Conflict of Interest Disclosures: Dr Jorge reported clinical trial agreements with Bristol Myers Squibb and Cabaletta Bio outside the submitted work. No other disclosures were reported.

Figures

Figure 1.
Figure 1.. Restricted Cubic Spline Curve of Estimated Glomerular Filtration Rate and the Hazard Ratio for Hydroxychloroquine Retinopathy
The curve was constructed using a multivariable Cox proportional hazards regression model, adjusting for age, sex, race and ethnicity, hydroxychloroquine weight-based dose, and cumulative hydroxychloroquine dose in first 5 years of use.
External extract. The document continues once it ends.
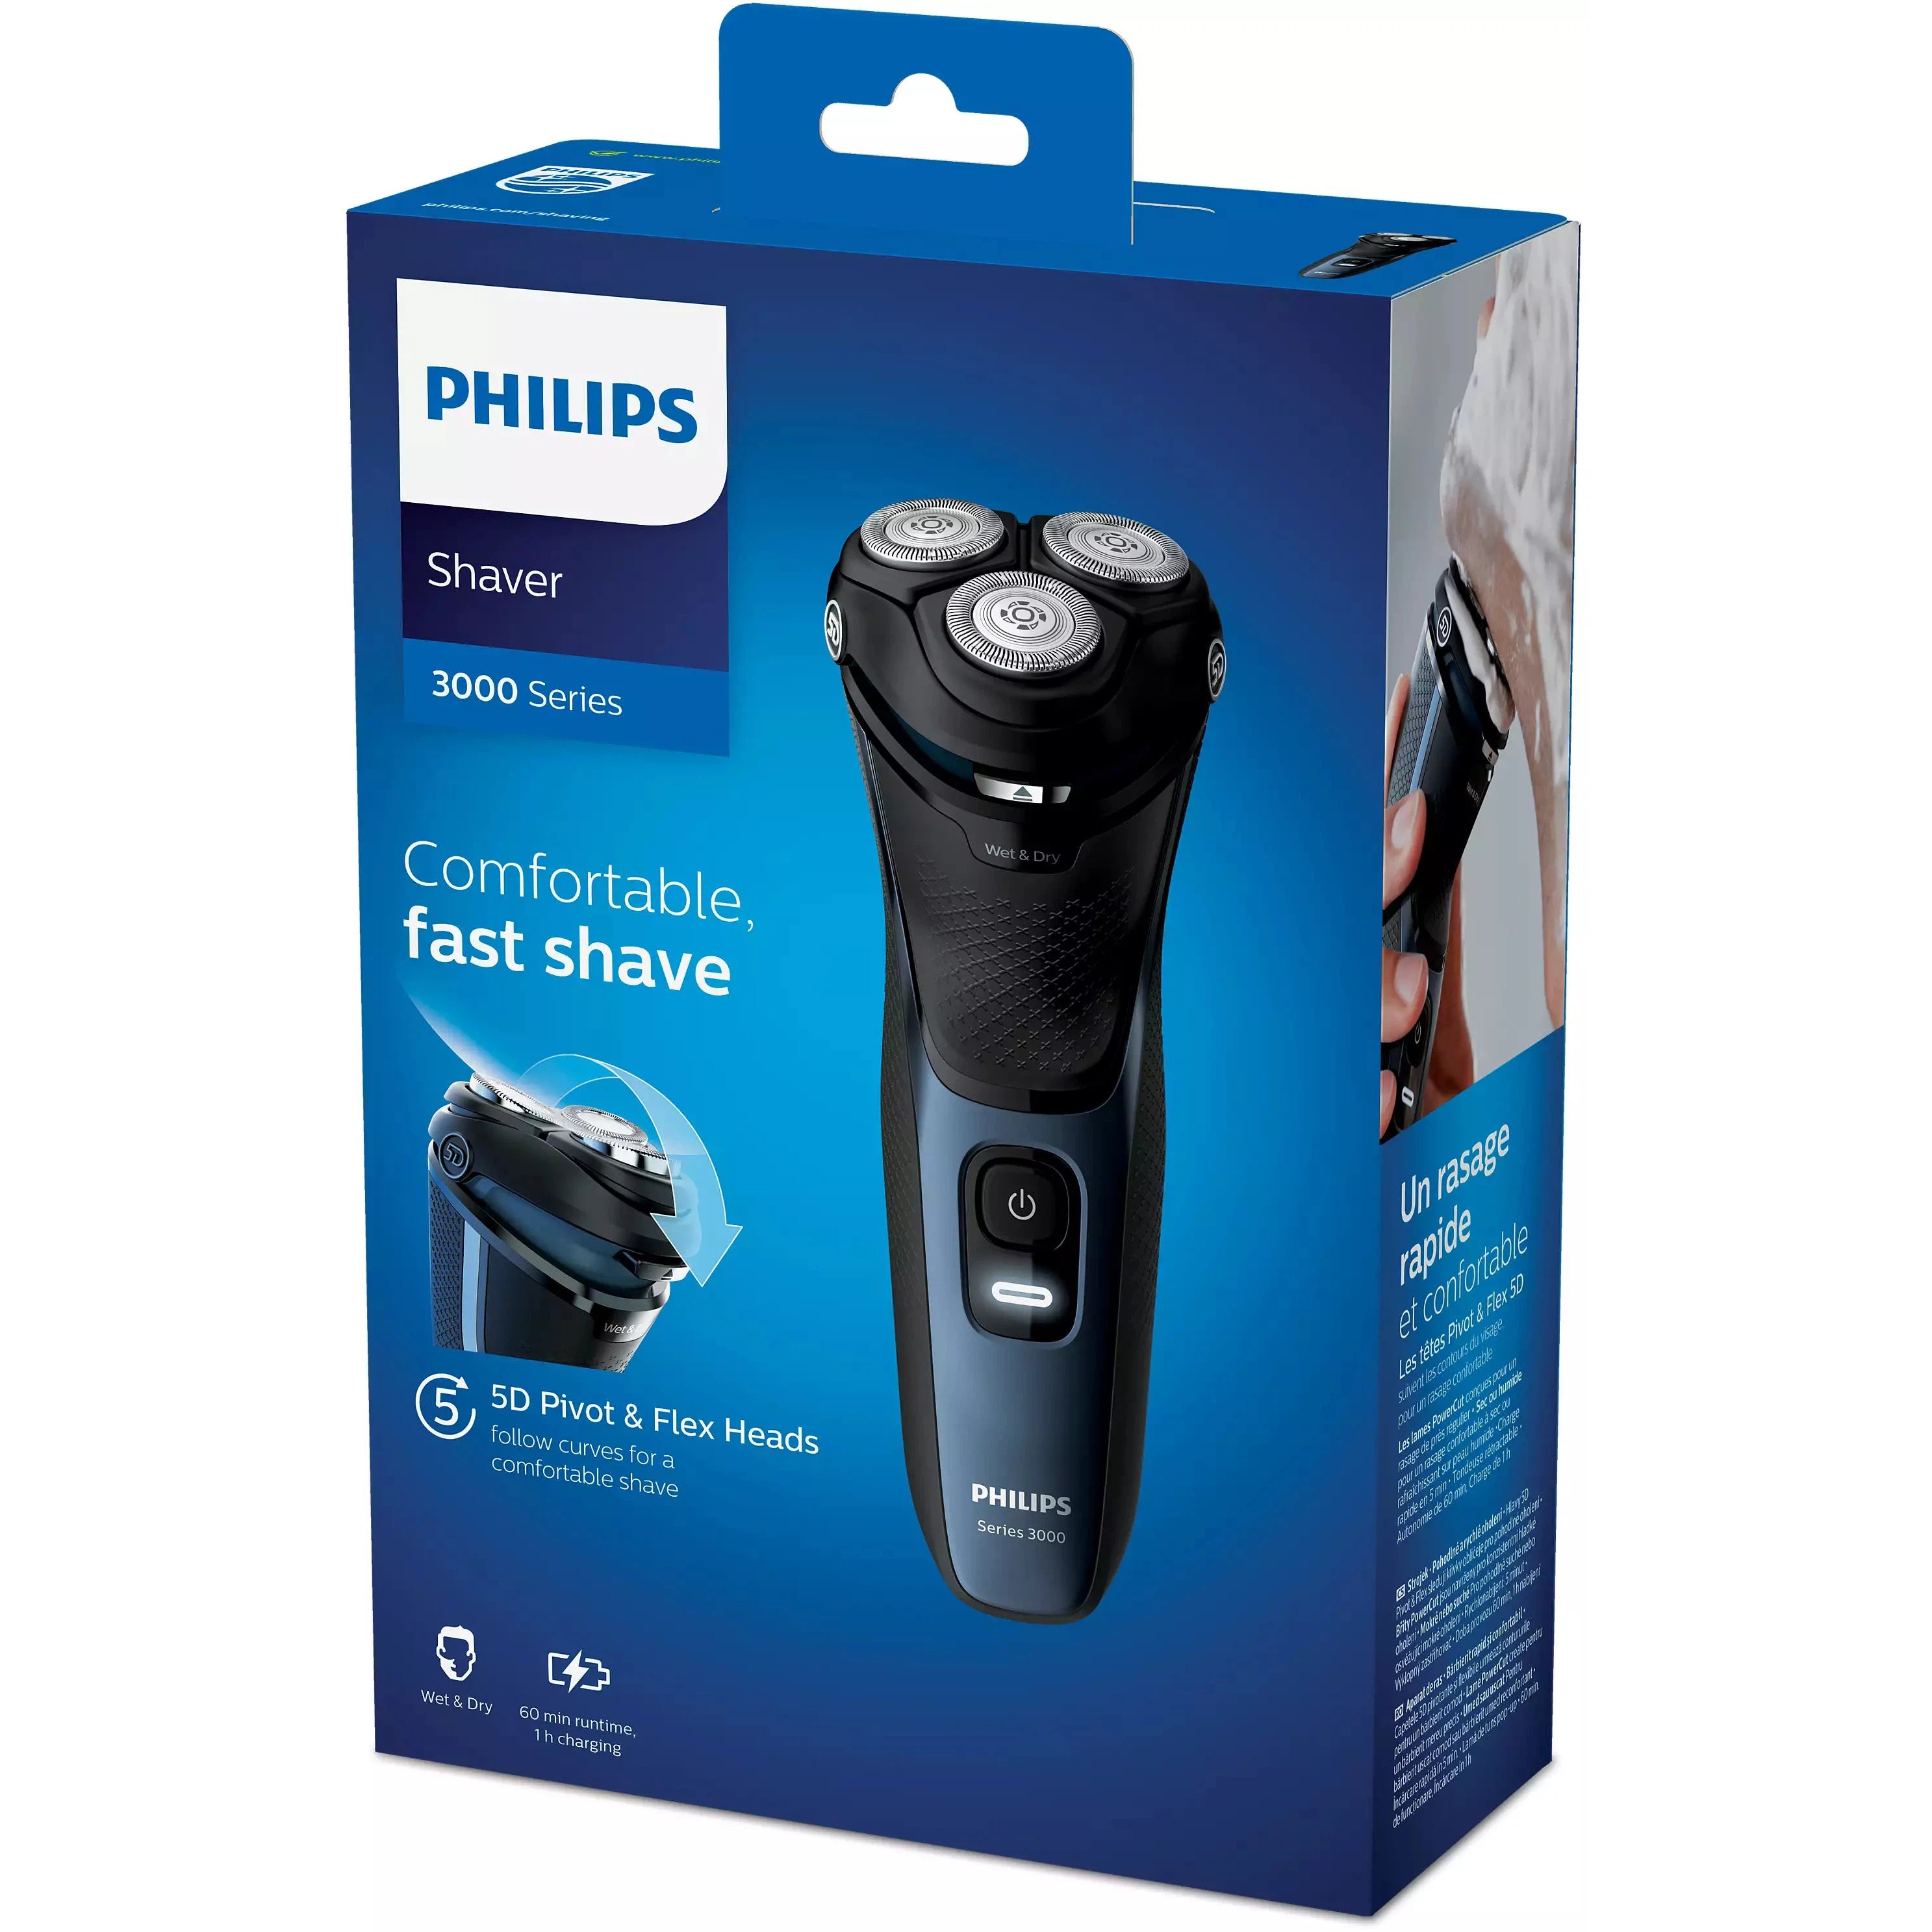 Philips S3134/51 Series 3000 Wet or Dry Electric Shaver - 5D Pivot & Flex Heads

Estimated glomerular filtration rate was assessed at 5 years of hydroxychloroquine use. Hydroxychloroquine retinopathy was assessed through 15 years of follow-up. The smoothed curve was fitted with restricted cubic splines with knots at 40, 60, and 90 mL/min/1.73 m2 or more. The reference estimated glomerular filtration rate was 90 mg/min/1.73 m2. The horizontal dashed line indicates a hazard ratio of 1.0. The shaded region indicates the bounds of 95% CIs for the restricted cubic spline curve.
Figure 2.
Figure 2.. Weight-Based Hydroxychloroquine Dose and the Risk of Hydroxychloroquine Retinopathy After 15 Years of Use
The curve was constructed using a multivariable Cox proportional hazards regression model, adjusting for age, sex, race and ethnicity, indication for hydroxychloroquine use, and chronic kidney disease. Hydroxychloroquine dose was assessed at 5 years of hydroxychloroquine use. Hydroxychloroquine retinopathy was assessed through 15 years of follow-up. The smoothed curve was fitted with restricted cubic splines with knots at 4, 5, and 6 mg/kg/d. The reference weight-based dose was 5 mg/kg/d. The horizontal dashed line indicates a hazard ratio of 1.0. The shaded region indicates the bounds of 95% CIs for the restricted cubic spline curve.